И Люка накрыла эта истомная волна. Он погрузился в нее глубже, чем она. А затем, застыв на несколько секунд, изнемогший, рухнул в ее объятия.
Сколько времени прошло, прежде чем она очнулась от забытья, Хиллари не знала. Сначала к ней вернулось восприятие внешнего мира. Она ощутила пушистость ковра под собой, тяжесть мужского тела, придавившего ее сверху, удивительную мягкость волос под ее пальцами, расслабленно теребившими спадавшие на затылок Люка пряди. А в голове просыпались мысли, мысли о том, что произошло сейчас, о том, что они вместе испытали.
Такого упоения она не испытала в тот последний раз — четыре года назад.
И пока Люк, очнувшись, ласкал губами ее обнаженное плечо, Хиллари говорила себе: да, то, как он умерял свое мучительное желание нежностью, как старался доставить наслаждение не только себе, но и ей, было выражением любви, подлинной и непосредственной. И сегодня их любовь была разделенным чувством, выше физического влечения. Стоит ли сомневаться, что он чувствует к ней нечто большее, чем одно лишь плотское желание?
Но Хиллари боялась надеяться на большее, ведь она и раньше надеялась — надеялась, что он любит ее, а это оказалось не так. И теперь она разрывалась между надеждой и боязнью очередного разочарования.
Она лежала совеем тихо, прислушиваясь с замиранием сердца. Мало ли что, вдруг он скажет заветное слово, пусть даже не само это слово, а что-нибудь заменяющее его? Но он молчал. И щемящая боль пронзила ей сердце.
— Уже не вернешь, — внезапно проговорил он, интуитивно чувствуя: что-то не так.
Хиллари знала, что именно не так, но оттого ей было не легче.
— Опять дергаешься, — прошептал он ей на ухо и кончиком языка провел по чувствительному местечку за мочкой.

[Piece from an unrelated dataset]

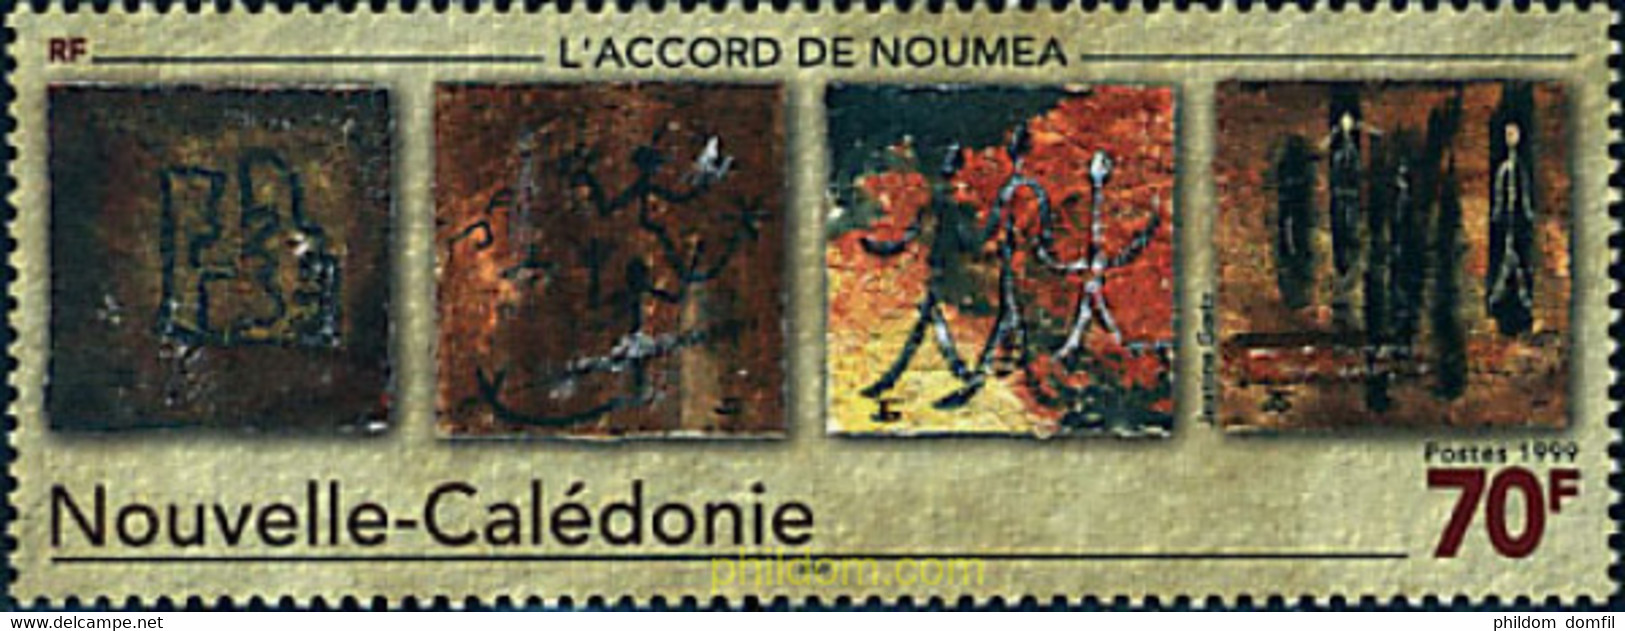 67933 MNH NUEVA CALEDONIA 1999 ACUERDO DE NOUMEA - Usados

Хиллари вздрогнула. Он коснулся одной из ее эрогенных зон. Нет, не ее вина, что она млеет в его объятиях.
Он провел губами по всей ее шее, нежно, ласково, щекоча кожу.
Как бы там ни было, сейчас ей перед ним не устоять. Единственное, что оставалось, — не противиться, а борьбу она продолжит в другой раз.
Но даже сейчас, когда он снова наслаждался ею медленно, нежно, истово, чувство самосохранения требовало от нее, чтобы она не отдавалась ему вся, придерживая что-то для себя. И это что-то было ее сердце.